GOAL OF THE EXERCISE:
Look through the entries below and copy exactly the part that begins with the line containing "casa padrino barock" and ends with the line containing "鉄琴主体のポップスの再生済みの波形". Do not copy the pictures.

GIVEN RECORDS:
• • • • • • •

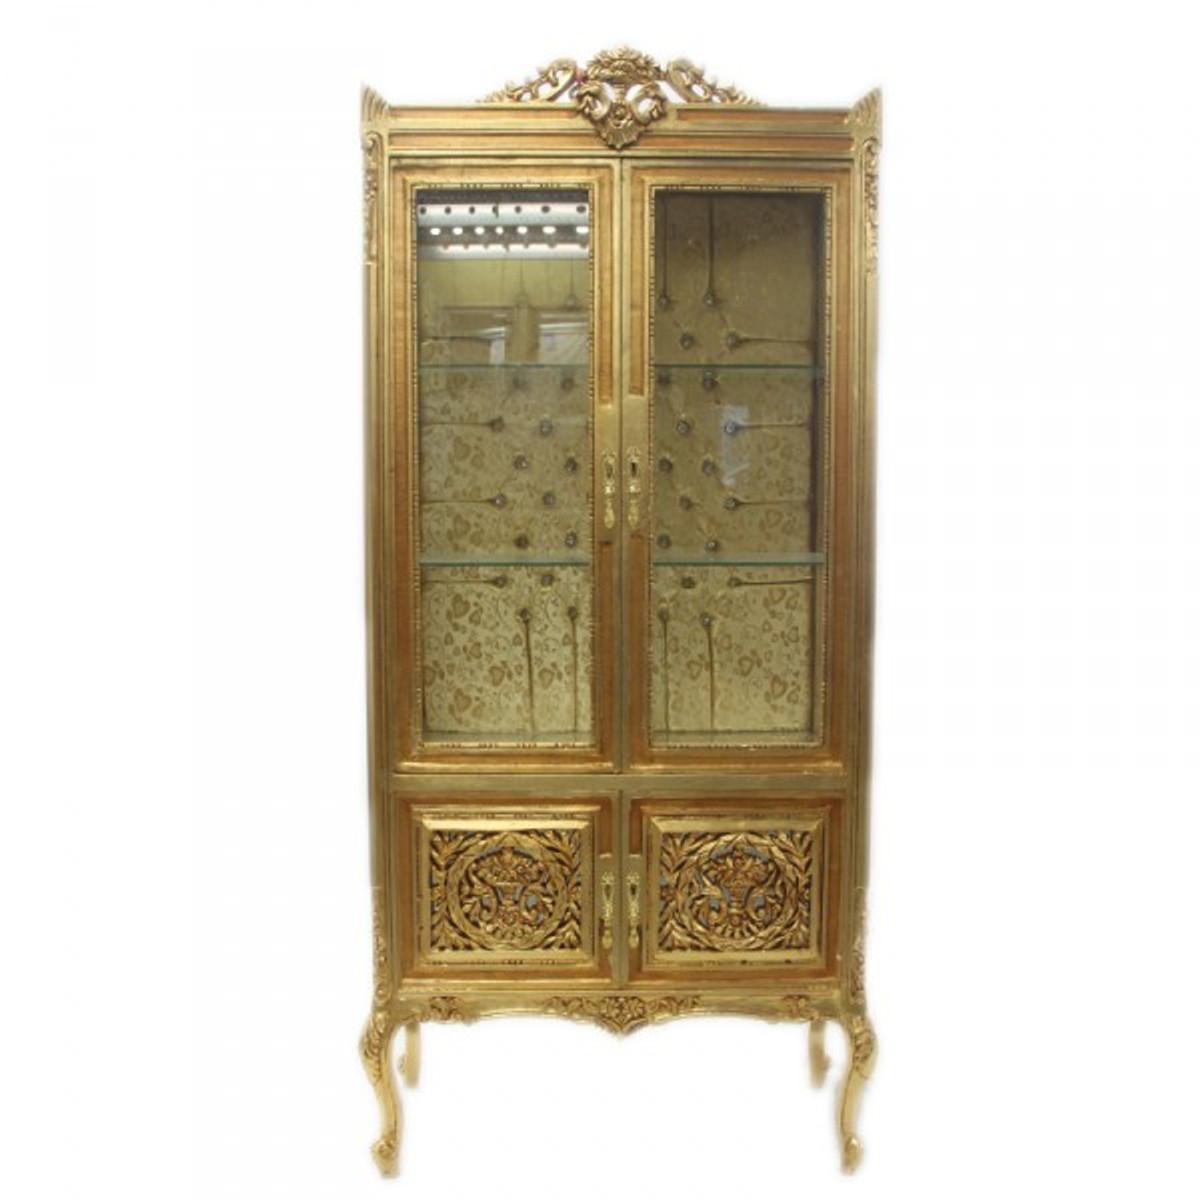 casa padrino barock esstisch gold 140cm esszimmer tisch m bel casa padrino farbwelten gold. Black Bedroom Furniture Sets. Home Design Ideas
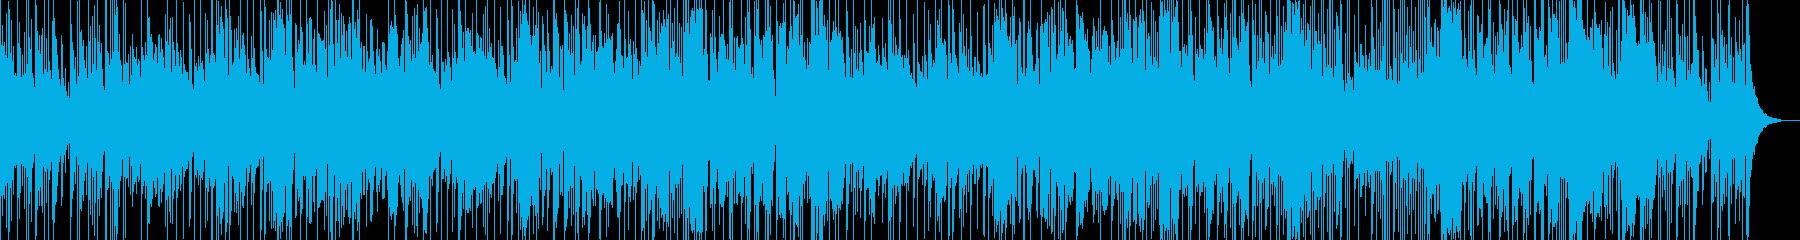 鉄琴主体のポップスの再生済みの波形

• • • • • • •

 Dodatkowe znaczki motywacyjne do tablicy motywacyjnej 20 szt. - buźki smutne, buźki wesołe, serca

• • • • • • •

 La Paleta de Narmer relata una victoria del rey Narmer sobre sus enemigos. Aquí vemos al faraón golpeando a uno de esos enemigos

• • • • • • •

COMPLETED EXERCISE:
 casa padrino barock esstisch gold 140cm esszimmer tisch m bel casa padrino farbwelten gold. Black Bedroom Furniture Sets. Home Design Ideas
 鉄琴主体のポップスの再生済みの波形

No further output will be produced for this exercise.